EqualizeRCM Services Notifies Patients of Data Security Incident

AUSTIN, TX (April 28, 2016) – On February 29, 2016, EqualizeRCM Services learned that an EqualizeRCM laptop containing patient data was stolen from one of its employees. Law enforcement was informed and EqualizeRCM immediately began an investigation into the incident and what information may have been impacted. It appears that certain documents containing information about patients treated at the following facilities were contained on the laptop:

  • Northstar Healthcare Surgery Center (Scottsdale, Houston, Dallas)
  • Microsurgery Institute (Houston, Dallas)
  • Hermann Drive Surgical Hospital
  • Victory Medical Center Houston
  • Central Dallas Surgery Center
  • Southwest Freeway Surgery Center
  • Kirby Surgical Center
  • Plano Surgical Hospital

For patients who were impacted, the information potentially exposed may have included patient name, address, phone number, date of birth, gender, insurance provider and policy number, health care provider information, billing and diagnosis codes, medical record number, internal reference number, date and type of service, the name of the treating facility, and other administrative information.

Financial account information and Social Security numbers were not impacted, and neither EqualizeRCM nor the affected facilities are aware of any unauthorized access or misuse of the information. Although we are not aware of any misuse, as an added precaution, identity theft monitoring and remediation services are being provided to impacted individuals through AllClear ID. Potentially affected individuals will be receiving letters with information and resources and are encouraged to call 1-855-904-5744 with any questions.
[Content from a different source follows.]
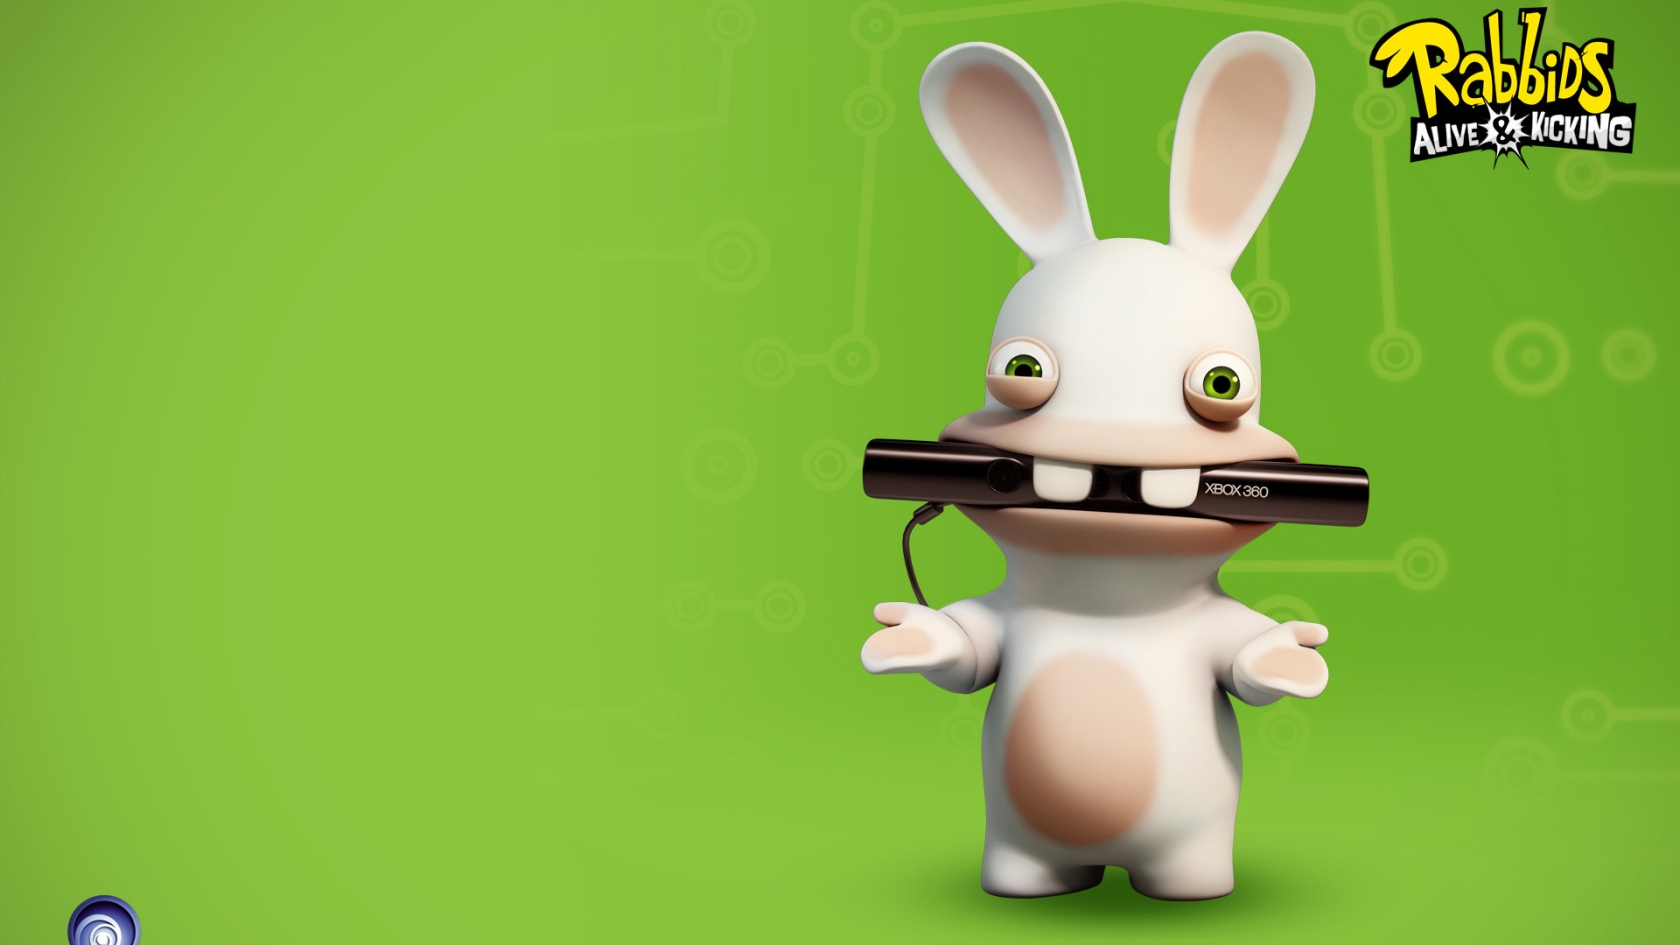 Rabbids Alive and Kicking Game for 1680 x 945 HDTV resolution

The privacy and protection of patient information is a top priority for EqualizeRCM, and we deeply regret any inconvenience or concern this incident may cause. We are working closely with the affected facilities in our response to this event, and have taken steps to help prevent this type of incident from happening in the future including reviewing our policies and procedures, implementing additional safeguards to ensure information in our control is appropriately protected, and retraining employees on existing policies for the proper handling of sensitive information.